In grote lijnen acht ik dit oordeel juist. Het is aan de orde van de dag dat aannemers bij dezelfde leveranciers prijzen moeten opvragen om in te kunnen schrijven op concrete aanbestedingen. Vaak zijn daarbij de door een aanbesteder gestelde eisen ook nog eens zo gesteld dat de spoeling van potentiële leveranciers al gauw dun wordt. Dat meerdere inschrijvers bij één leverancier prijzen opvragen houdt op zich echter nog geen onaanvaardbare beperking van de mededinging in, zeker niet als die leverancier een ondergeschikt deel van de opdracht levert. De thans voorgeschreven beperking ziet verder op een wettelijk recht om een beroep op een derde te doen om financiële gegoegdheid en kennis en kunde aan te tonen. Enige nuancering is naar mijn mening echter wel mogelijk. Anders dan de Commissie lijkt mij de K-verklaring geen gelukkig middel nu die naar mening achterhaald is door de instrumenten die de ACM er sinds de aanpassingen van de Mededingingswet (die zijn doorgevoerd nadat de K-verklaring als reactie op de bouwfraude in het leven werd geroepen), die tot serieuze sancties voor bestuurders van ondernemingen kunnen leiden indien de mededinging geschonden wordt. Ook zonder K-verklaring zou ik menen dat een eerlijke mededinging al (wettelijk) geborgd is. Een andere nuancering is dat er omstandigheden denkbaar kunnen zijn dat de door de aanbesteder gewenste beperking wel verdedigbaar zou kunnen zijn. Dat zou bijvoorbeeld het geval kunnen zijn indien een onderaannemer een doorslaggevende invloed heeft op de prijs en de uitvoering van de door de inschrijver gedane bieding. In die gevallen zal de leverancier die bij meerdere inschrijvers aan tafel zit een invloed kunnen uitoefenen op de uitkomst van een aanbesteding. Ook dan zal echter de bescherming van de Mededingingswet onverkort gelden en zal een inschrijver zelf de afweging moeten maken of hij zich met de inzet van een dergelijke onderaannemer niet op glad ijs zal begeven.
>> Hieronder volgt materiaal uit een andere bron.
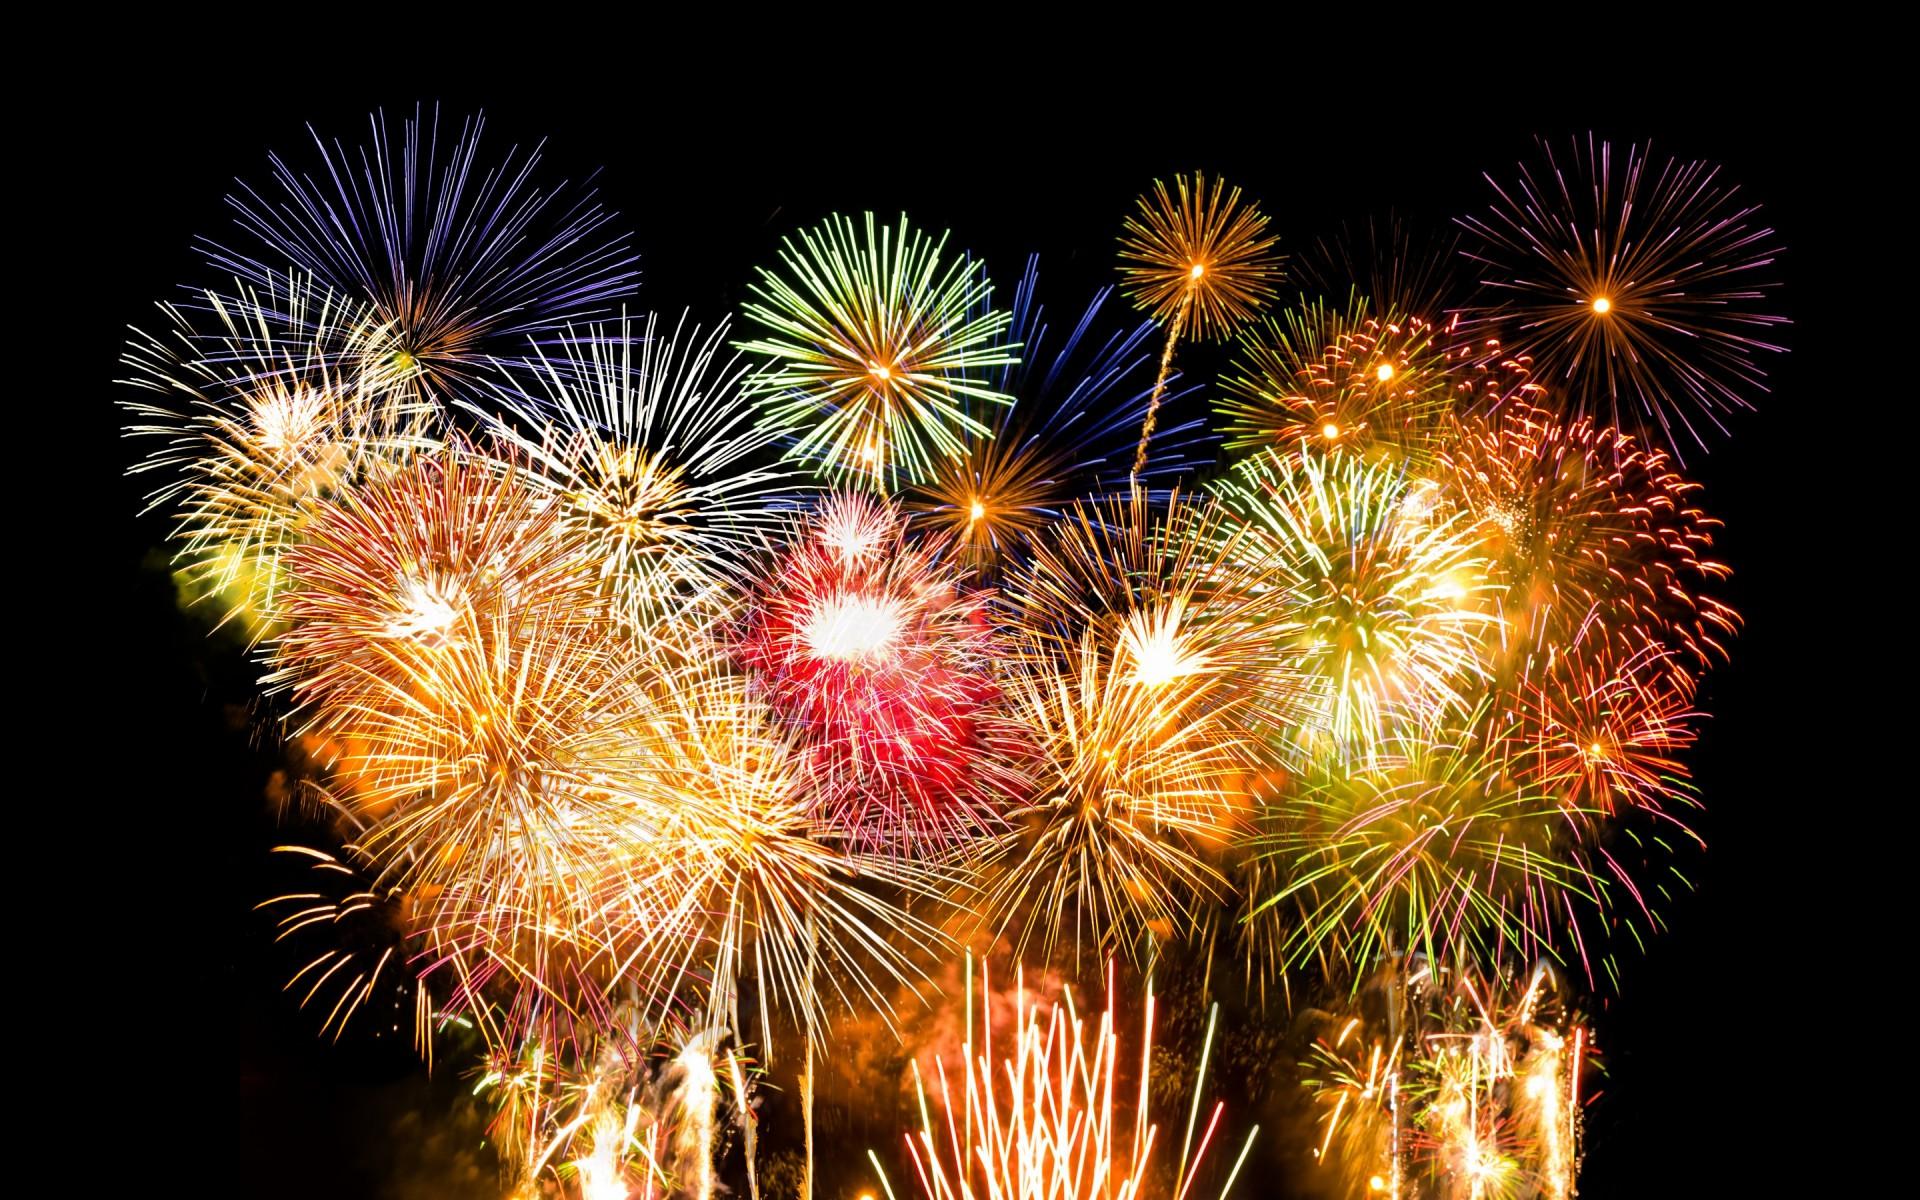 eautiful Fireworks Wallpaper 8649

Een laatste opmerking is nog dat er bijna een jaar overheen is gegaan voordat het advies gepubliceerd is. Het reglement van de Commissie gaat er in artikel 12 vanuit dat publicatie in de regel na beëindiging van de aanbestedingsprocedure (geanonimiseerd) zal plaatsvinden. Dat is hier kennelijk niet gebeurd. Gelet op de taak en functie van de Commissie is het jammer te noemen indien adviezen niet of pas zeer laat gepubliceerd worden.
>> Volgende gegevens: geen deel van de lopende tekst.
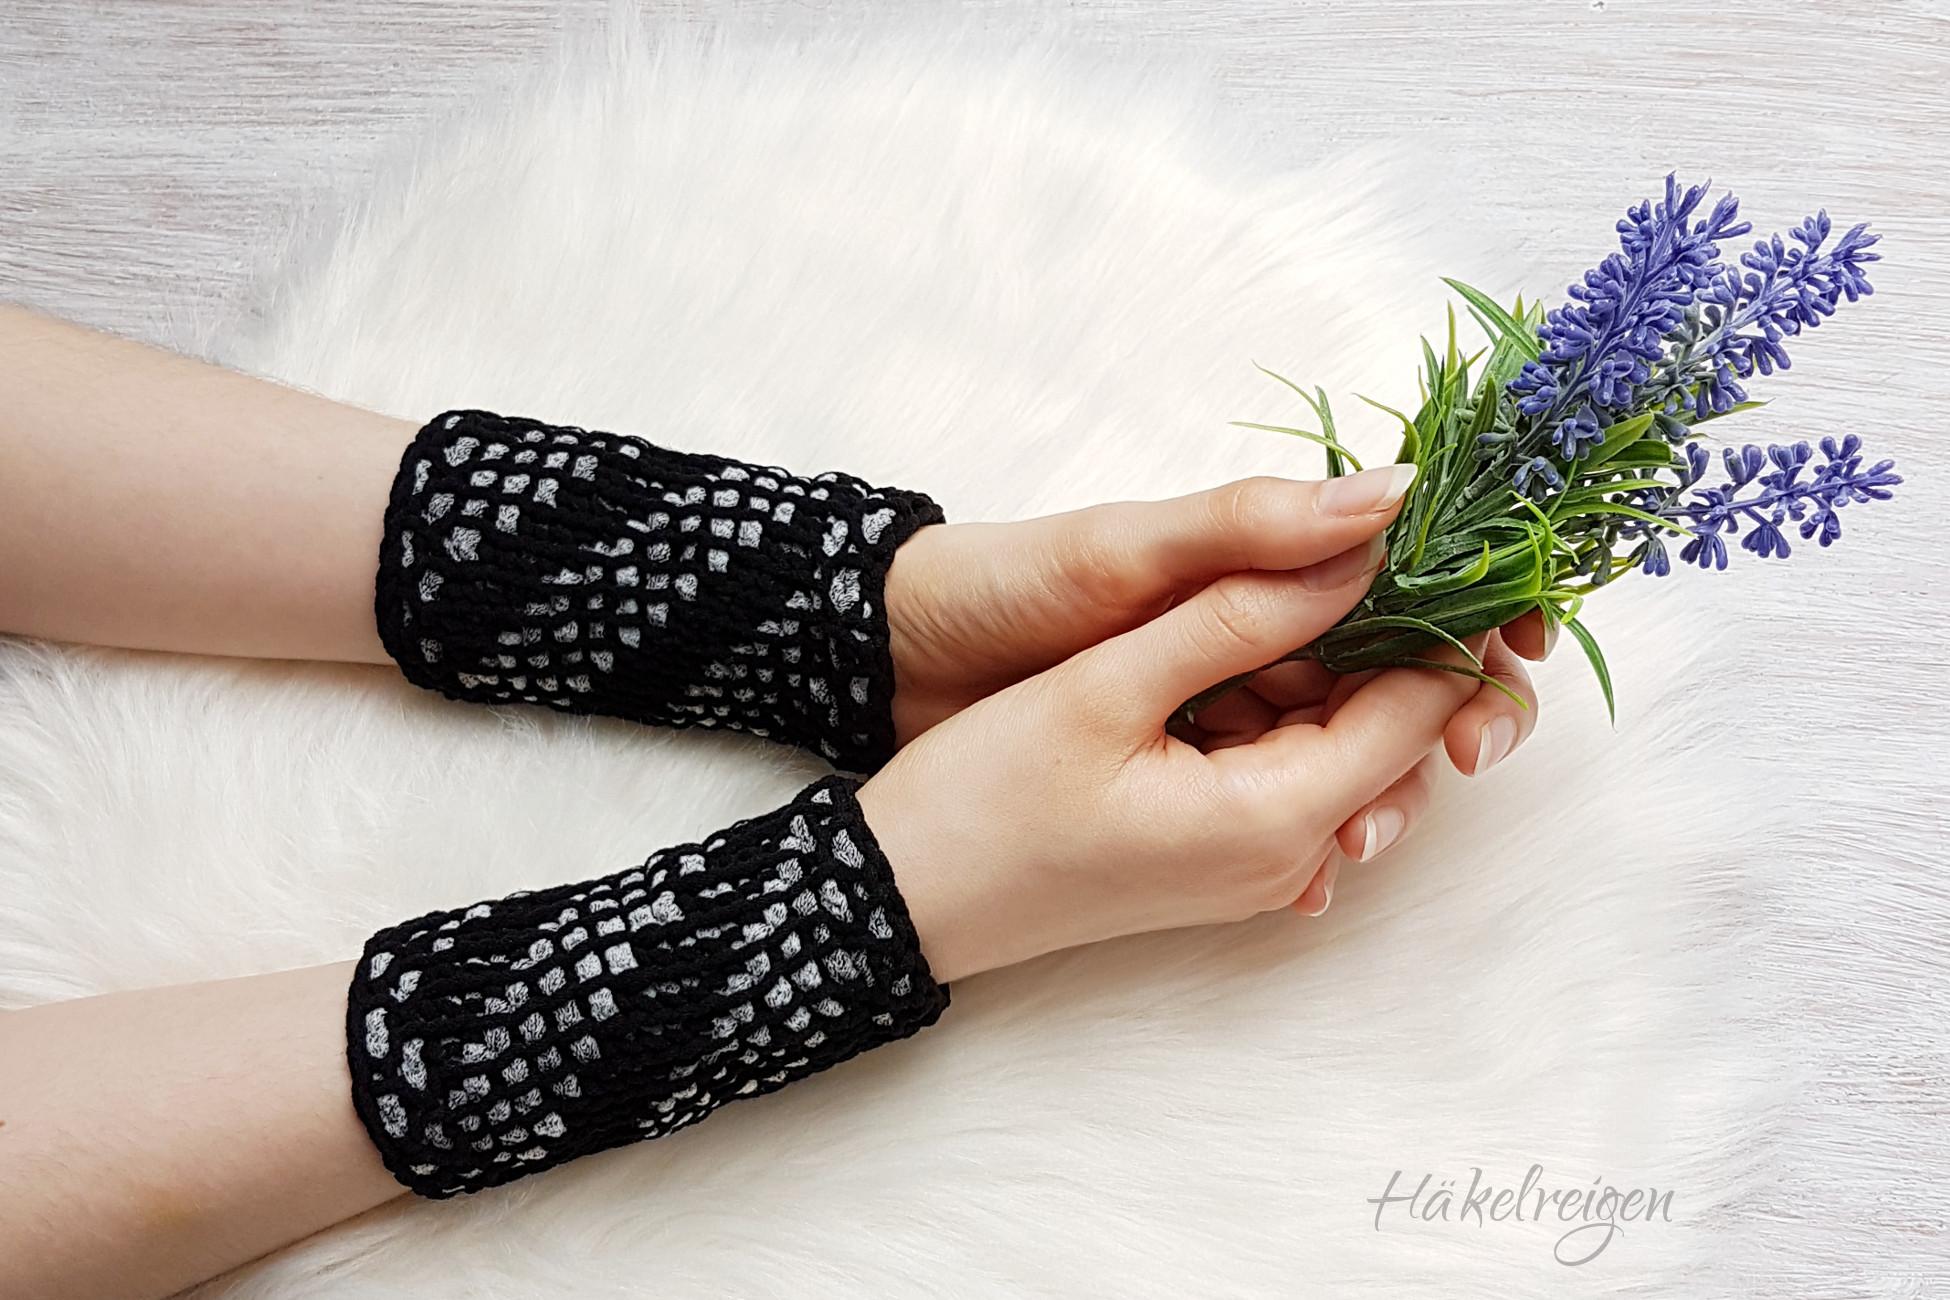 Armstulpen mit Woolly Hugs Shape

Conclusie en enkele vuistregels voor de praktijk
Branche-organisaties zullen bij hun klachten goed moeten afwegen of zij zich specifiek namens één betrokkenen melden of namens meerdere betrokkenen. In het eerste geval kan hun slagkracht beperkt worden omdat zij met een individuele betrokkene vereenzelvigd kunnen worden. In het laatste geval geldt dat zij de beperking in het oog zullen moeten houden dat geen klachten ingediend kunnen worden die het algemene beleid van een aanbesteder (welk beleid eerder in het vizier zal komen als er een algemene klacht namens meerdere betrokkenen wordt ingediend). Aanbesteders zullen er op hun beurt op bedacht moeten zijn dat beperkingen van een beroep op onderaannemers niet snel aanvaardbaar zullen zijn.